La Resistencia de 22K, en este circuito, no tiene mucho sentido ya que te falsearía la medida. En su lugar pon un Choke de entre 22µH y 100µH.
Dependiendo de como hagas el montaje, puedes suprimir el Choque y la Resistencia y en su lugar poner un puente.

Para medir la potencia, puedes utilizar un Voltímetro DC, la potencia medida será (VxV)/100

Sal U2


----------



## analogico (Dic 6, 2012)

miguelus dijo:


> Buenos días analogico
> 
> Como Díodo tienes que emplear uno de Germanio.
> Los OA89, OA90, AA114, AA115, AA16, 1N60... No son difíciles de encontrar y te servirán perfectamente.
> Sal U2



buenas no queria responder antes sin tener nada concreto e estado buscando el diodo
y encontre un sintonizador uhf  UAM1-714A  del cual solo e encontrado referencias de que aun lo venden
 tiene en su interior 2 diodos  uno naranjo parce ser un zener y otro  que parece ser de germanio se parece a este 
	

	
	
		
		

		
		
	


	




 es  transparente y solo tiene una franja negra
supongo que es pero no tengo mas datos sobre el diodo si  pudieran aportar algo de informacion

para medir usare lo que queda de un tester de analogo no tienen placa solo  la aguja funciona


saludos


----------



## analogico (Dic 13, 2012)

avances



como ahora el unico trasmisor que tengo a mano son unos moduladores rf
y un vcr
que no creo que sean muy potentes
cambie la resitencia a 75
y medi 0mv

el aparato lo arme usando un vumetro analogo y luego un tester digital

por lo tanto no funciona o estos aparatos seran muy poco potentes no se


----------



## homebrew (Dic 14, 2012)

para ese tipo de medicion te recomiendo el diodo BAR10 es muy bueno bonito y barato las tre B , cuidados con los tuner viejos algunos usan diodos especiales para multiplicar frecuencia, mezcladores o simplemente como conmutadores LC segun el rango de frecuencias a trabajar.
Al circuito de pablin lo veo muy simple mejor seria buscar algo mas elavorado con un amplificador CC despues del diodo detector.


----------



## DJ_Glenn (Dic 15, 2012)

amigos, me quiero hacer un wattimetro caserito... ya me hice una carguita algo generosa (para los usos más normales), y la sumergí en aceite a fin de aumentar al menos un poco la disipación.

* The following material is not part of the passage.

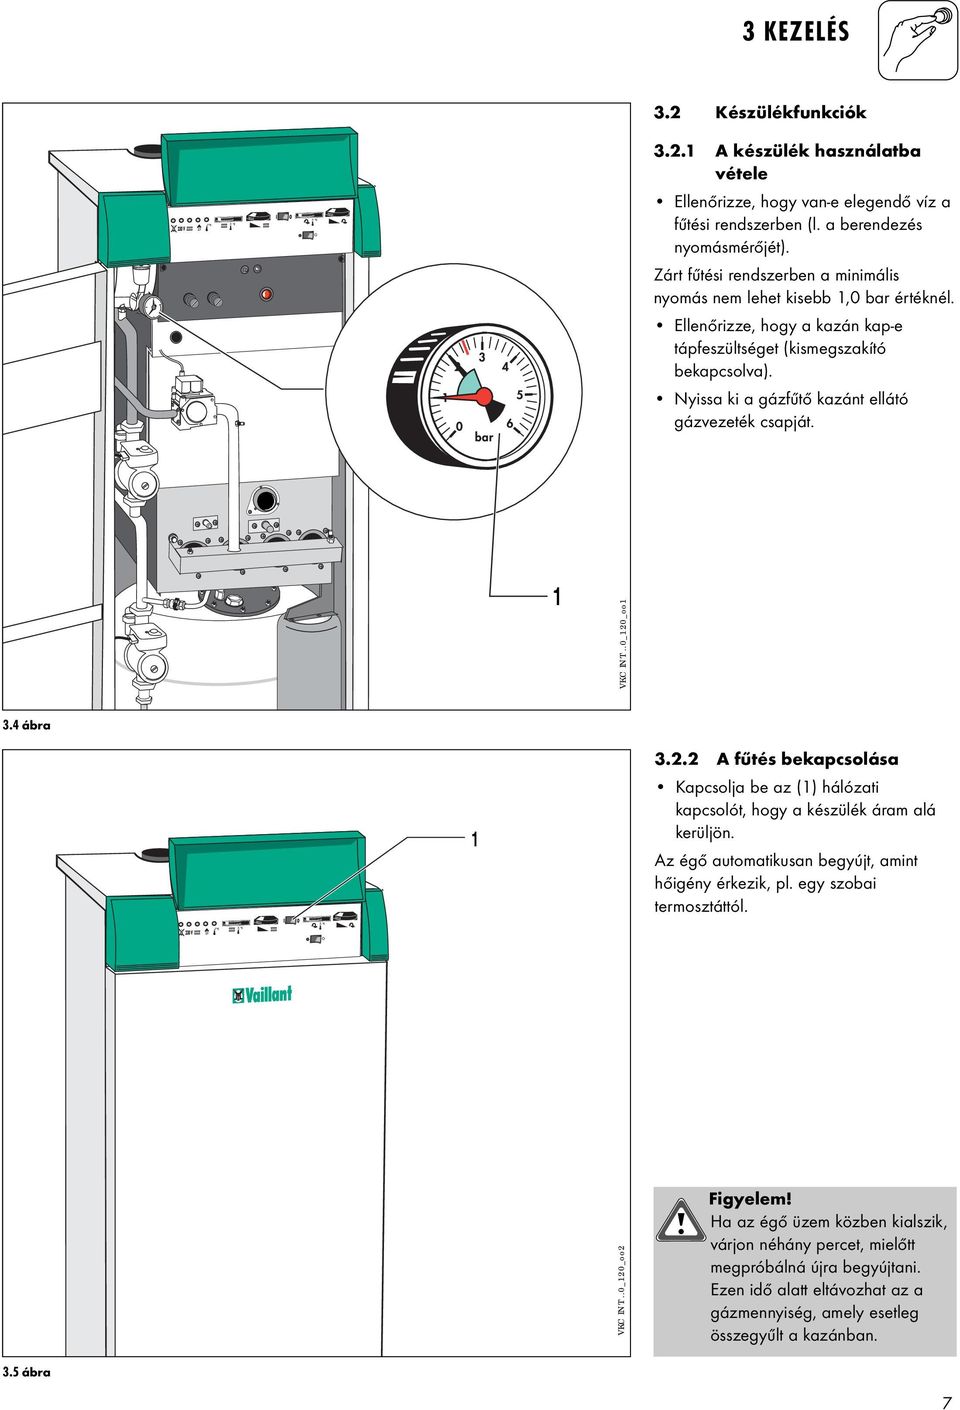 Nyissa ki a gázfűtő kazánt ellátó gázvezeték csapját. VKC INT..0_0_oo 3.4 ábra 3.. A fűtés bekapcsolása Kapcsolja be az () hálózati kapcsolót, hogy a készülék áram alá kerüljön.

La idea es trabajar comodamente con potencias del orden de los 300w en 100mhz. Como wattimetro podré usar el circuito de la web de pablin? o el diodito no soportará esa tensión? qué técnica es conveniente usar para conseguir además una atenuación suficiente como para conectar otros instrumentos? Vi en MercadoLibre una carguita hecha con una única resistencia de 50r/250w con un atenuador hecho con un "divisor capacitivo" o al menos así le llama el que publicó ese artículo... y al ver bien las fotos es simplemente un arito de alambre muy cerca de la resistencia. Al final, espero poder verificar este wattimetro conectandolo en serie con un bird o alguno de similar confianza para poder graficar una escala. Qué dicen ustedes?


----------



## homebrew (Dic 15, 2012)

Hola DJ_Gleen la resistencia es la carga en si y el arito cerca de la resistencia es simplemente la pesca de rf o test poin que por lo general se ajusta para estar unos 30 db por debajo de la fundamental.
Es para conectar un frecuencimetro,monitor de modulacion o analizador de espectros


----------



## DJ_Glenn (Dic 15, 2012)

la forma de ajustar ese arito es ponerlo bien lejos e ir acercandolo verdad? esto habría que hacerlo con un osciloscopio o un analizador de espectro no? o un miliwattimetro? Hace como un año me trajeron para revisar un tx de fm de 300w marca RVR de comienzos de los ´90s que tenía a la salida un conector bnc con la salida atenuada. Como el problema no estaba en el lineal no lo toqué para nada... me limité a revisar la parte que correspondía y nada más...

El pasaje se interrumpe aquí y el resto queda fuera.